Bug Fixes and Performance Optimizations: Many PRs are focused on fixing bugs (e.g., timestamp issues in PR #2279) and optimizing performance (e.g., quantization support in PR #2184). This ongoing maintenance is vital for ensuring reliability and efficiency as more users adopt the library for real-time applications.
Community Engagement: The discussions surrounding several PRs indicate active community engagement where contributors seek feedback from maintainers or other developers (e.g., discussions on Go CI in PR #2350). This collaborative environment fosters innovation and helps maintain high-quality contributions.
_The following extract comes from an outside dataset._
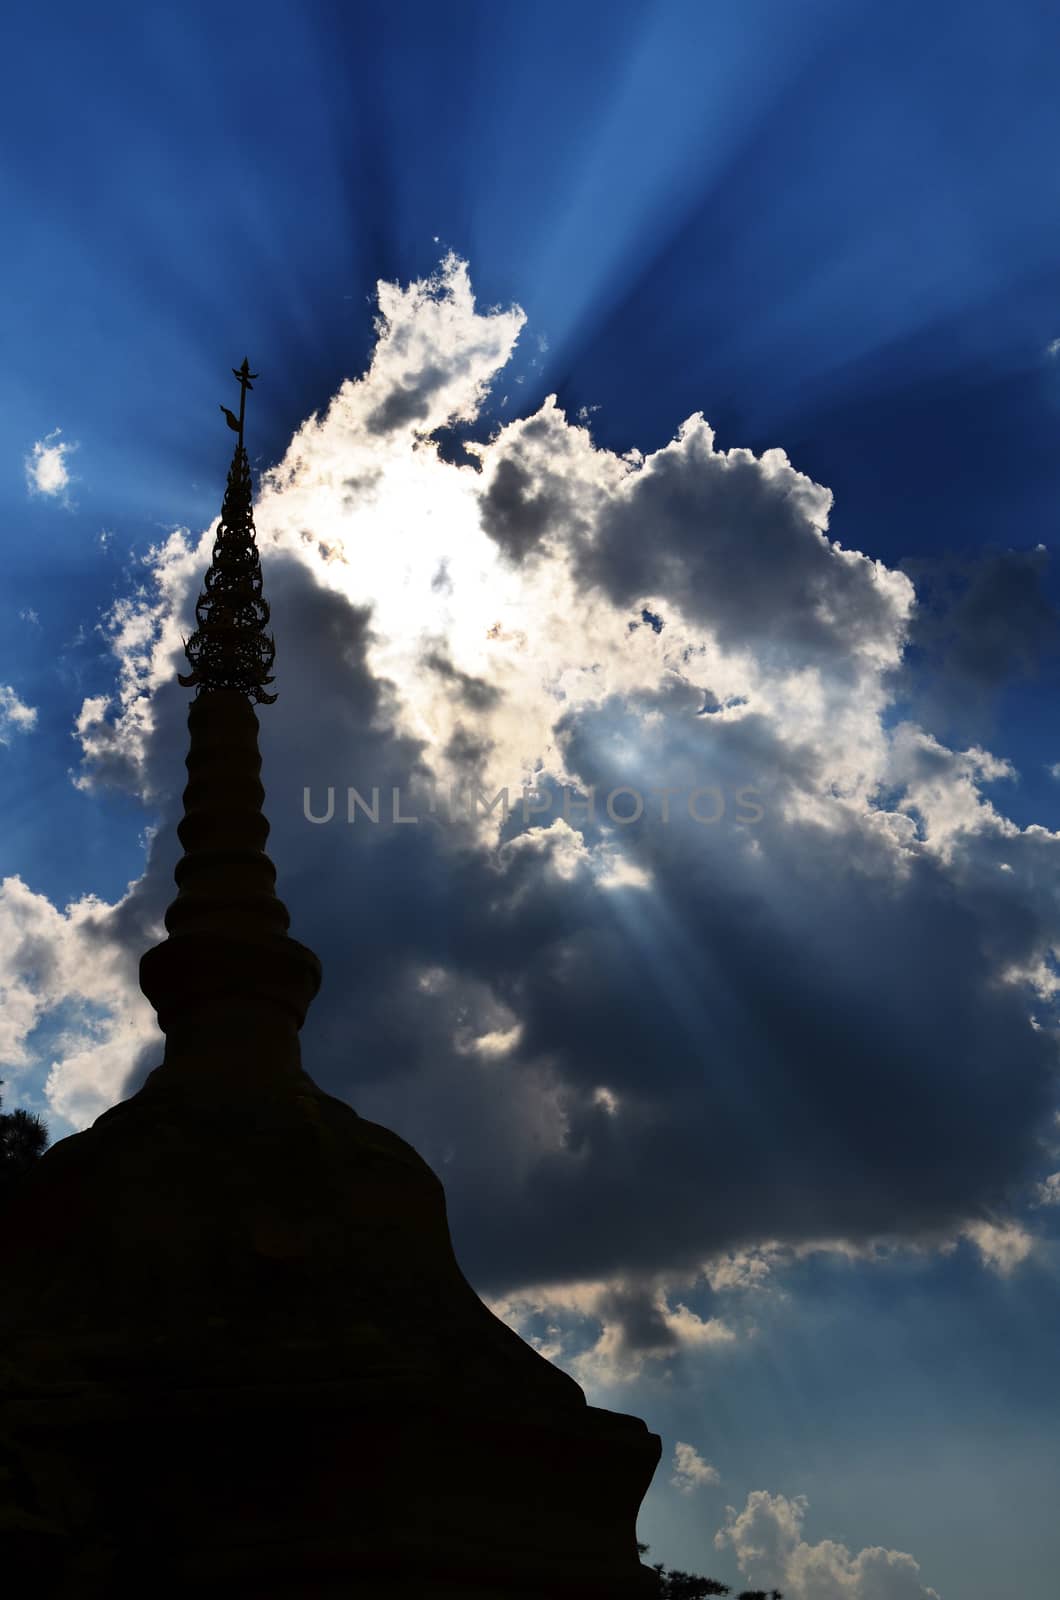 Gloden Phra That on Hill above Village Series 1_4, Sunlight, Silhouette, Cloud and Blue Sky, Chiang Mai province, Thailand

The pull requests within whisper.cpp
reflect a vibrant development community focused on enhancing accessibility, improving documentation, optimizing performance, and expanding language support through Go bindings. However, the high number of open PRs suggests that there may be challenges in effectively managing contributions and prioritizing tasks within the project’s roadmap. Addressing these challenges will be essential as the project continues to grow and evolve in response to user needs and technological advancements.
Georgi Gerganov (ggerganov)
ggml
library.whisper.cpp
file, including handling empty mel spectrograms and using Vulkan as a GPU backend.Salvatore Mesoraca (smeso)
ggml_sub
.Slaren (slaren)
ggml-backend
.Mengqing Cao (MengqingCao)
whisper.cpp
.Hipudding
Ouadie El Farouki (OuadiElfarouki)
Johannes Gäßler (JohannesGaessler)
Molly Sophia (MollySophia)
Justine Tunney (jart)
Jdomke
CarterLi999
Others (including contributors like R0CKSTAR, airMeng, iboB, conradev, etc.) made smaller contributions focusing on various aspects of the project including bug fixes, feature enhancements, and optimizations.
whisper.cpp
project, particularly focusing on GPU acceleration through CUDA and Vulkan backends.The development team is engaged in a robust cycle of feature enhancement, bug fixing, and performance optimization within the whisper.cpp
project. The collaborative nature of their work suggests a strong commitment to maintaining high-quality standards while adapting to evolving requirements in speech recognition technology.